REX: Initial Analysis

At $100m they’re a little larger and more well-covered by analysts than I’d prefer. When I initially booked I thought they might be worth investigating a little more, and flying with them the other day cemented in my mind that there is no reason from a service point of view that someone would ever decide to not fly with them.

The initial glance over the financial statements left me with a mixed feeling. Passengers and therefore revenues have been shrinking, which is bad. They forewent paying a dividend last year, instead choosing to take that money and some additional debt and purchase some more capital, which I’d consider a push.

But one thing they currently have going for them is that they are somewhat a monopoly for the regional routes they run, so revenue from these routes should be somewhat guaranteed, and has a fair amount of potential upside if the market picks up again, with minimal potential downside (REX themselves push this angle, but the market picking up again soon is not a certainty).

Will continue to investigate but at the moment the story isn’t compelling enough to put down any money.

29/6/2015 Update: Looks like Qantas is doing low-cost regional in New Zealand under the Jetstar brand.
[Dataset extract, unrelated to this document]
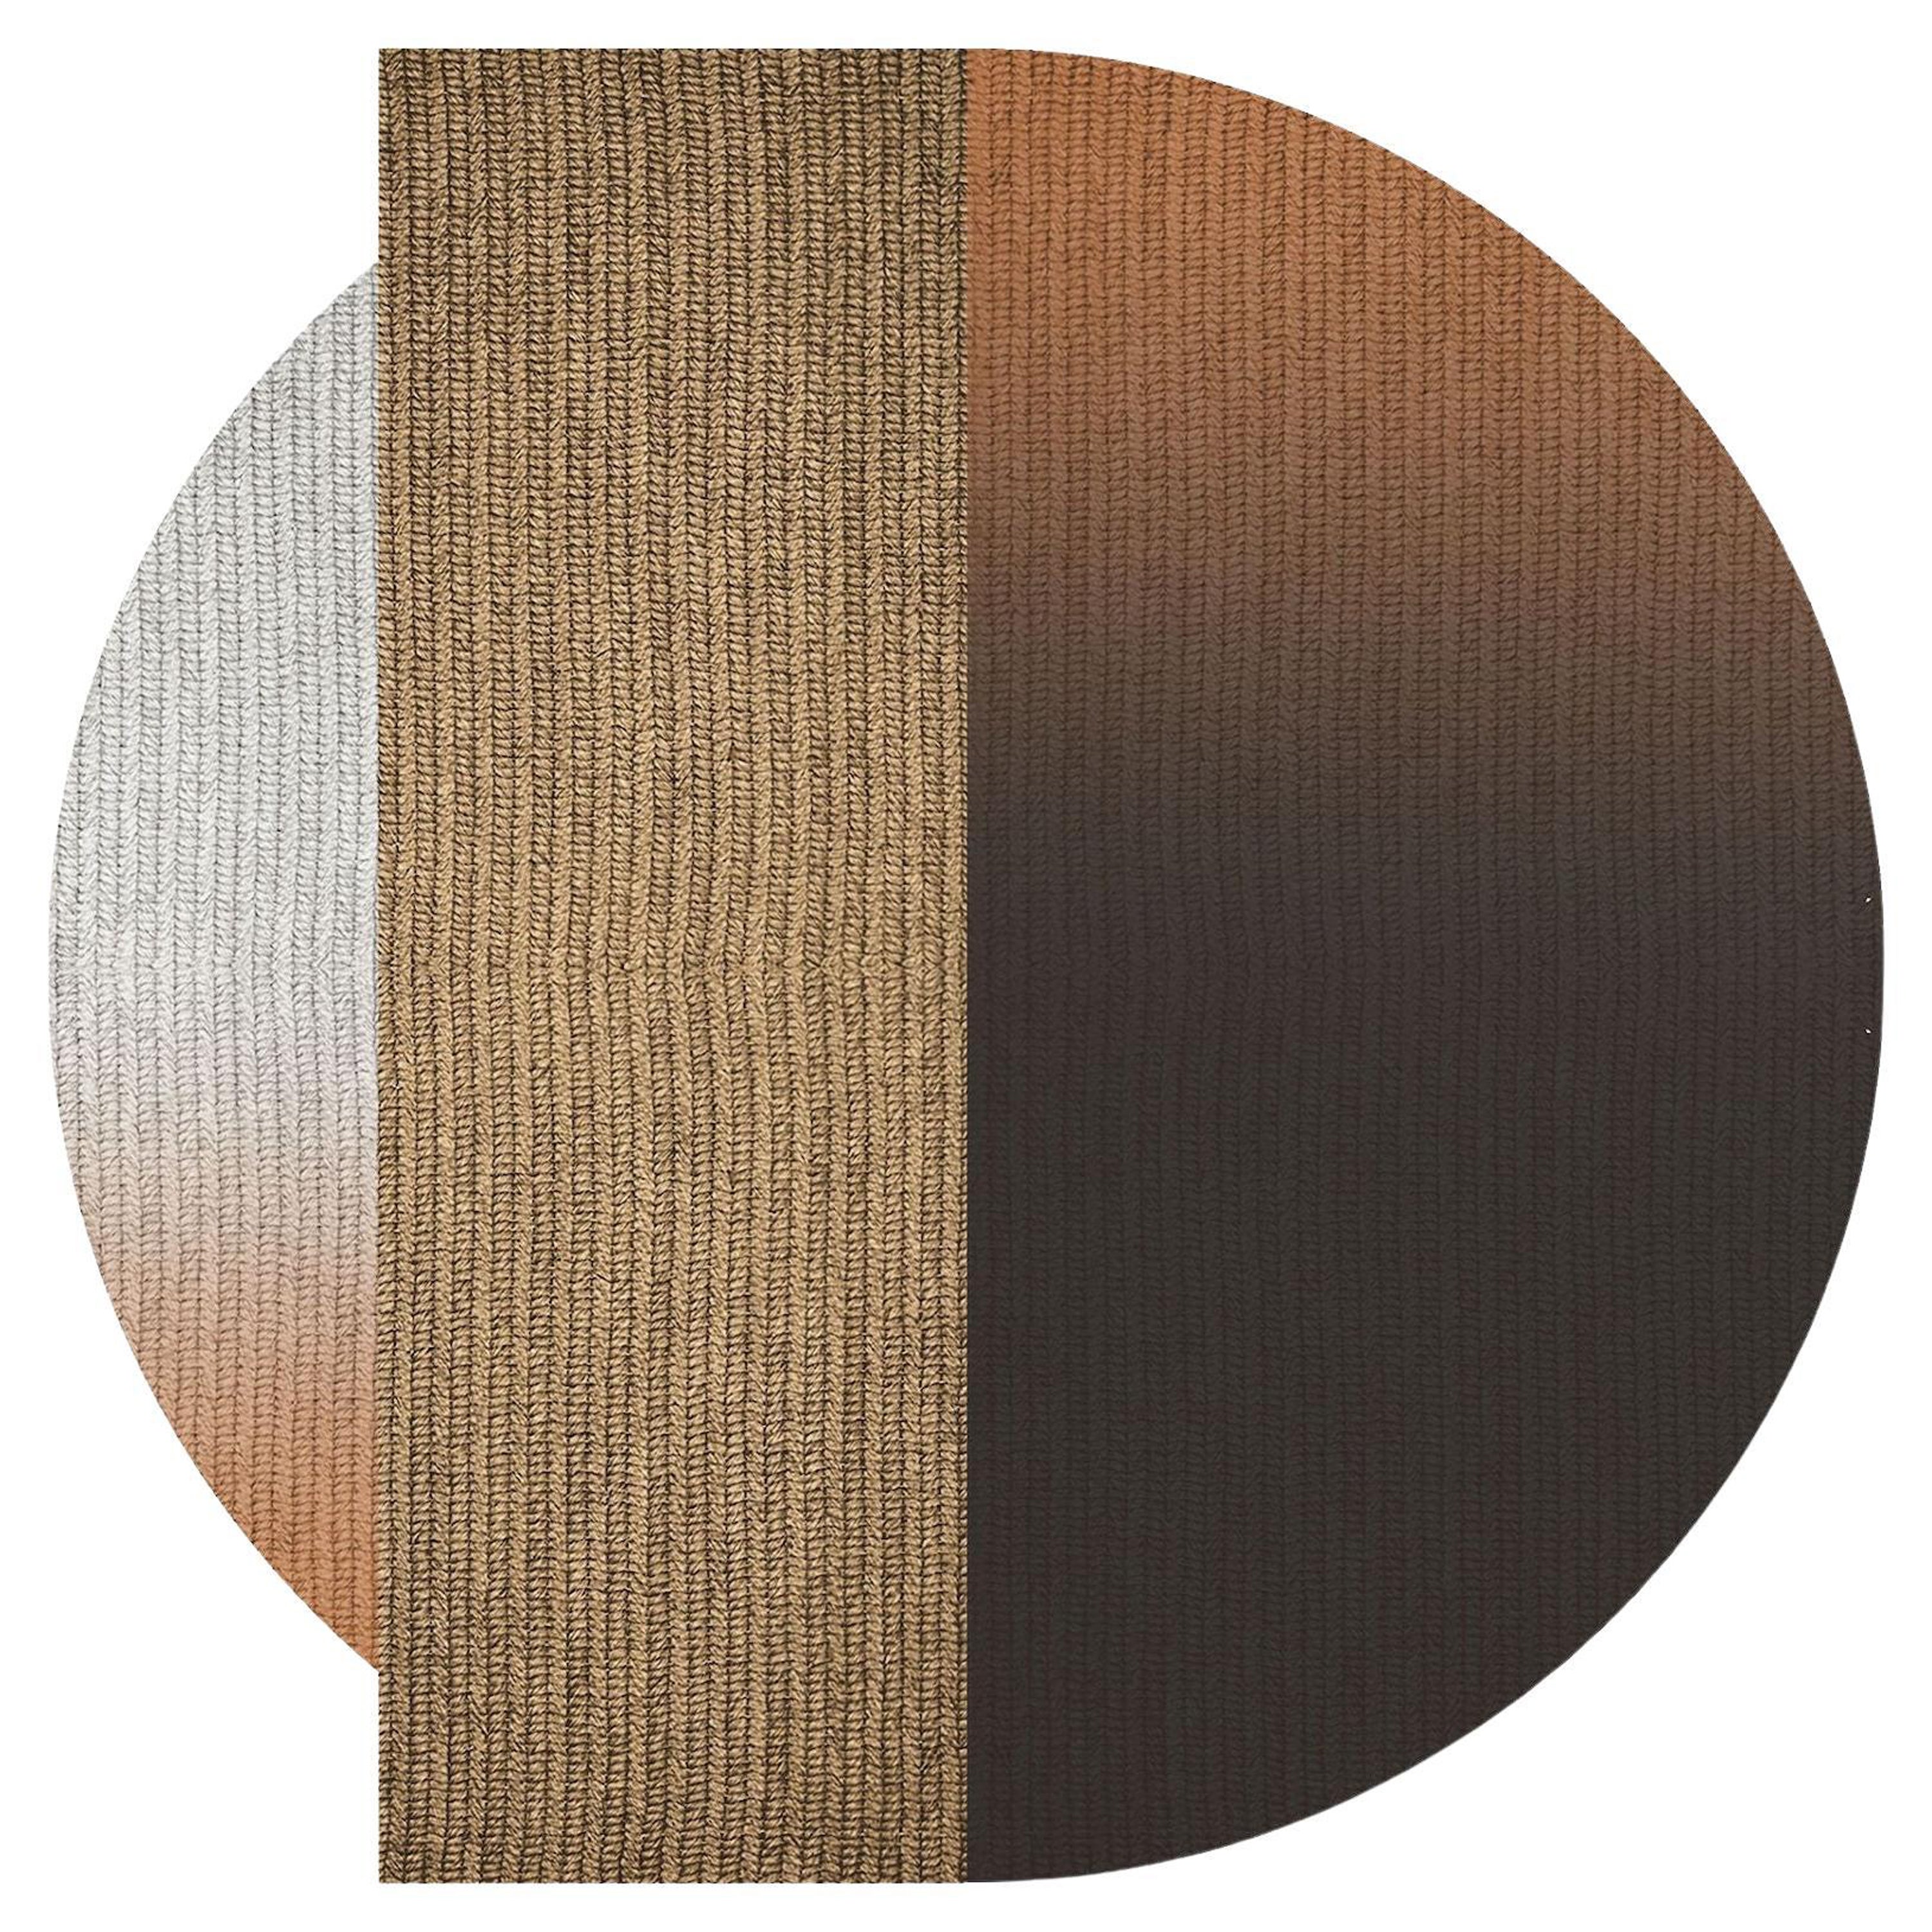 Teppich 'Flux' aus Abaca, Farbe 'Mahagoni', Ø 250cm von Claire Vos für Musett Design im Angebot

This is a big threat for REX, because if Qantas can pull this off in New Zealand I guarantee you the next place they try it will be Australia. Maybe it’s worth speaking to REX investor centre to find out what would stop Qantas from doing this. The other option of course would be Qantas purchases REX outright. $100m would be pocket change for them. But I tend to think that they’d go it themselves, essentially forcing other low cost providers (Virgin etc) to buy REX if they wanted to compete this space.

Joshua Kennon outright refuses to consider airline stocks, and makes a fair argument against investing in them. And the Simply Wall Street screener sums them up as “Solid financial position but with no other noteworthy features.”

The other thing I need to find out is what does a used plane go for, and does their fleet and cash minus liabilities cover their entire market cap of the company. Simply Wall Street is giving them a Price to Book of 0.6, but I need to find out what exactly is behind these numbers.

Finally I want to check my gut feeling that the CEO is quite devoted to the firm and its return to greater profitability.